- [EXERCISE DIRECTIONS]
Could you write out the listing below exactly as it stands, leaving out the pictures?
DATASET EXTRACT section start
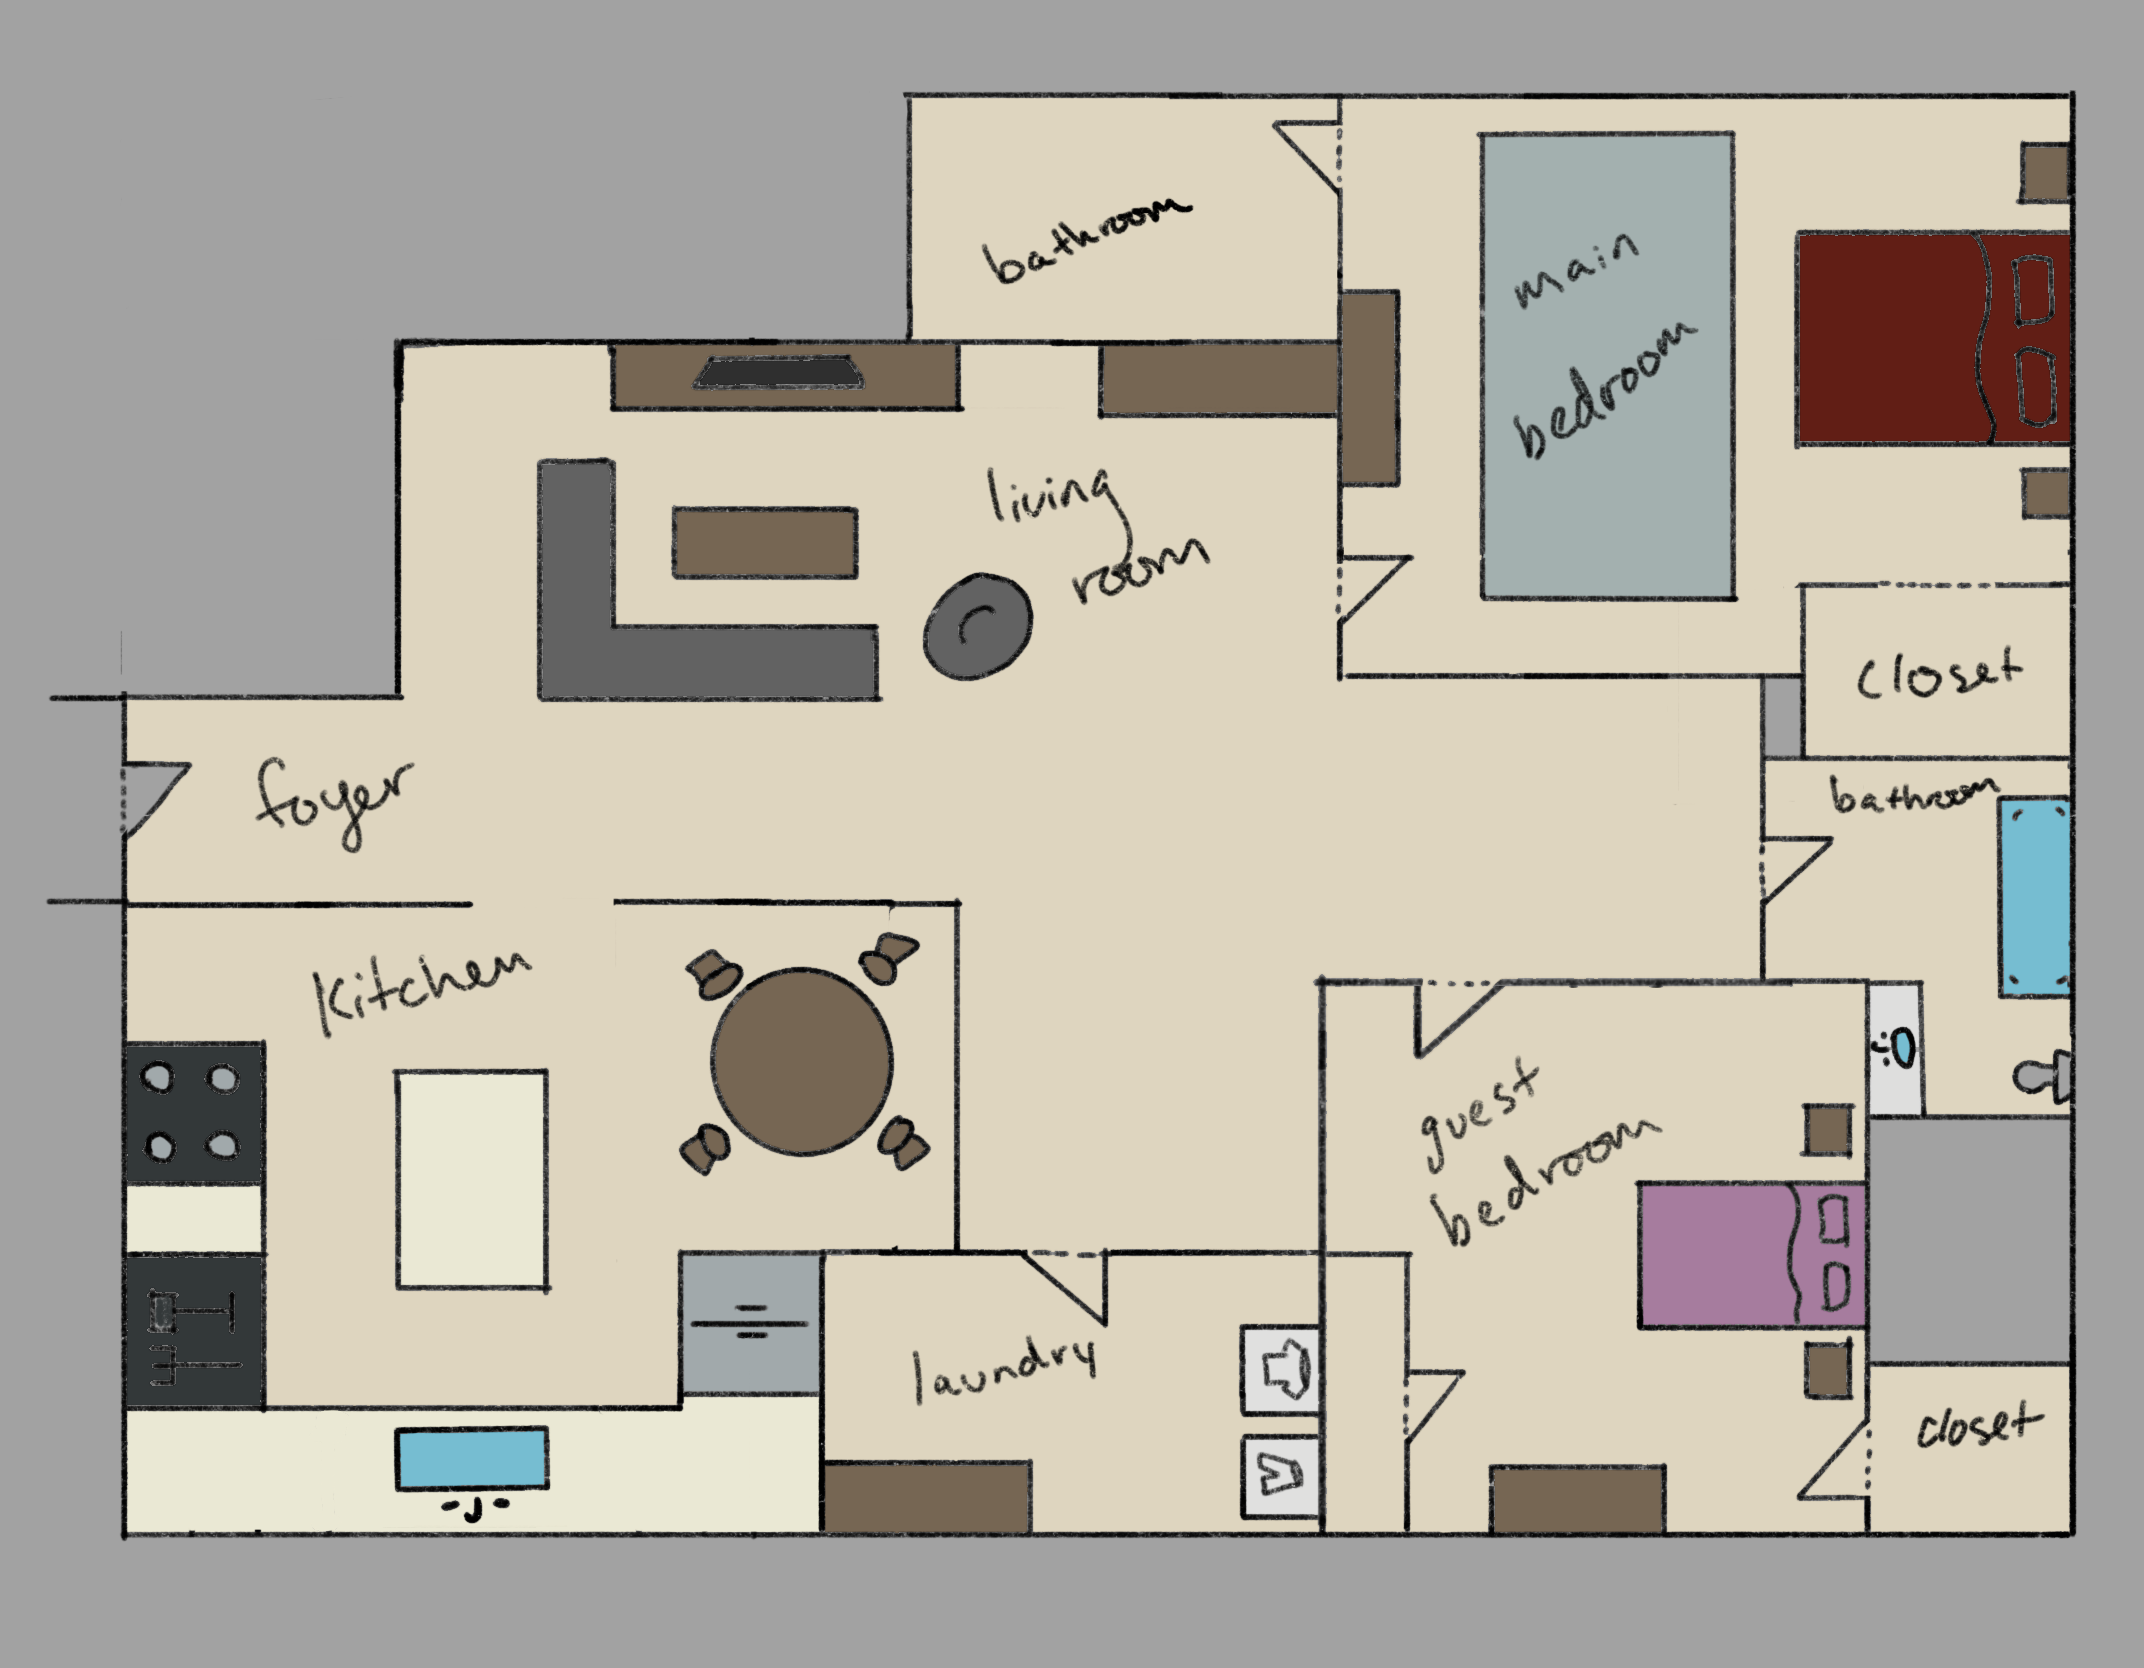 Floor plan layout of a one level apartment. There is an open living room and kitchen on the left side with bedrooms and bathrooms on the right side. Everything is a variety of tan, gray, brown, and black, with a few instances of color to show different beds and sources of water such as bathrooms and sinks.
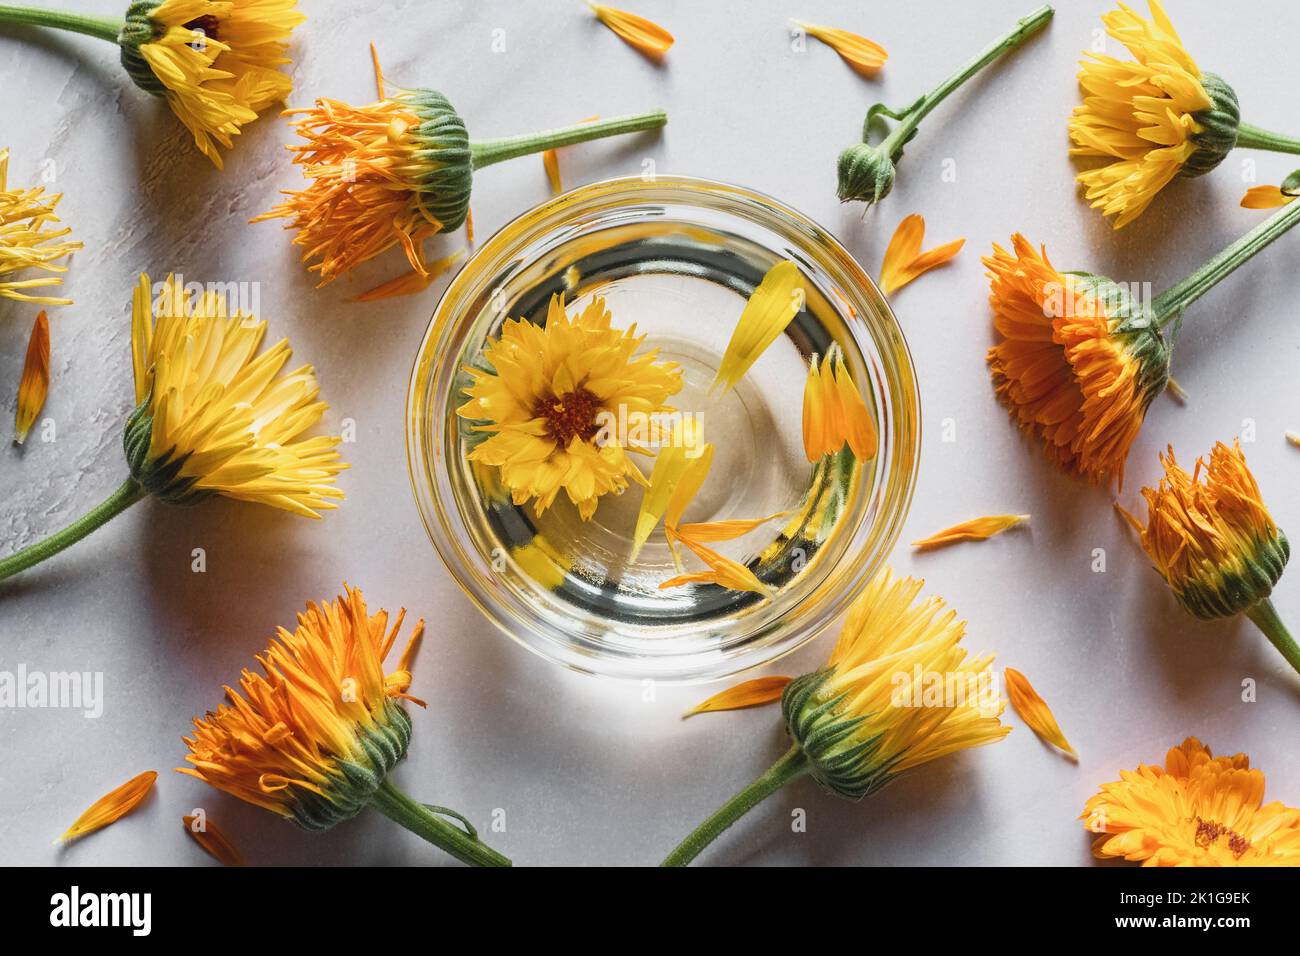 Homemade Calendula infused oil in a bowl, marigold flowers on white background, herbal medicine flat lay Stock Photo
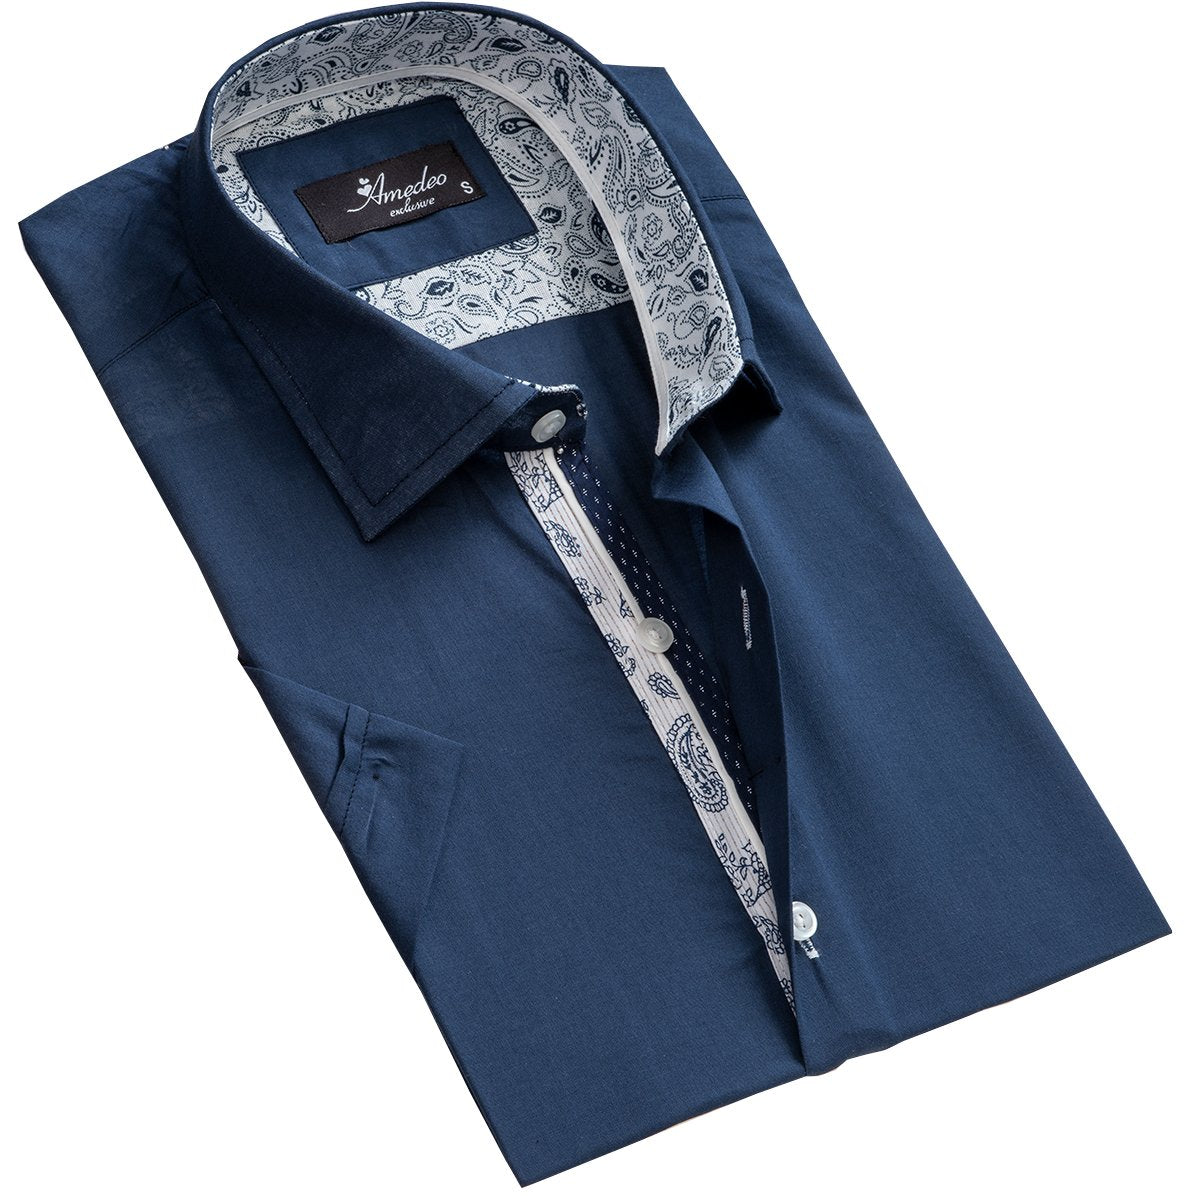 Men's Button down Tailor Fit Soft 100% Cotton Short Sleeve Dress Shirt Solid Navy Blue casual And Formal - Amedeo Exclusive
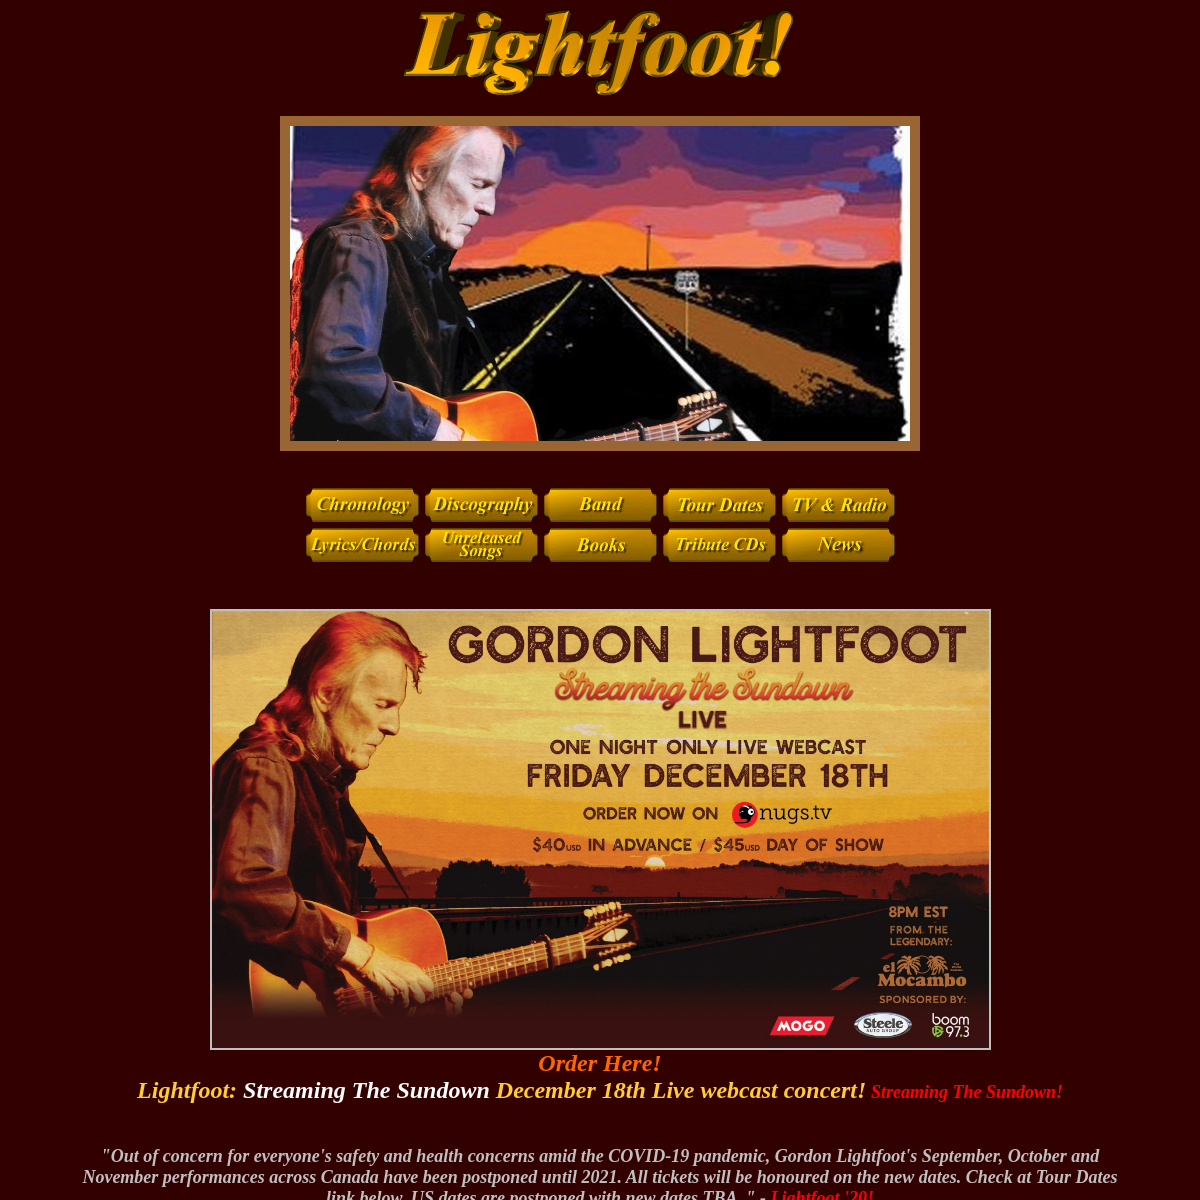 A complete backup of lightfoot.ca
DATASET EXTRACT section end
- [RESULT OF THIS TASK]
 Floor plan layout of a one level apartment. There is an open living room and kitchen on the left side with bedrooms and bathrooms on the right side. Everything is a variety of tan, gray, brown, and black, with a few instances of color to show different beds and sources of water such as bathrooms and sinks.
 Homemade Calendula infused oil in a bowl, marigold flowers on white background, herbal medicine flat lay Stock Photo
 Men's Button down Tailor Fit Soft 100% Cotton Short Sleeve Dress Shirt Solid Navy Blue casual And Formal - Amedeo Exclusive
 A complete backup of lightfoot.ca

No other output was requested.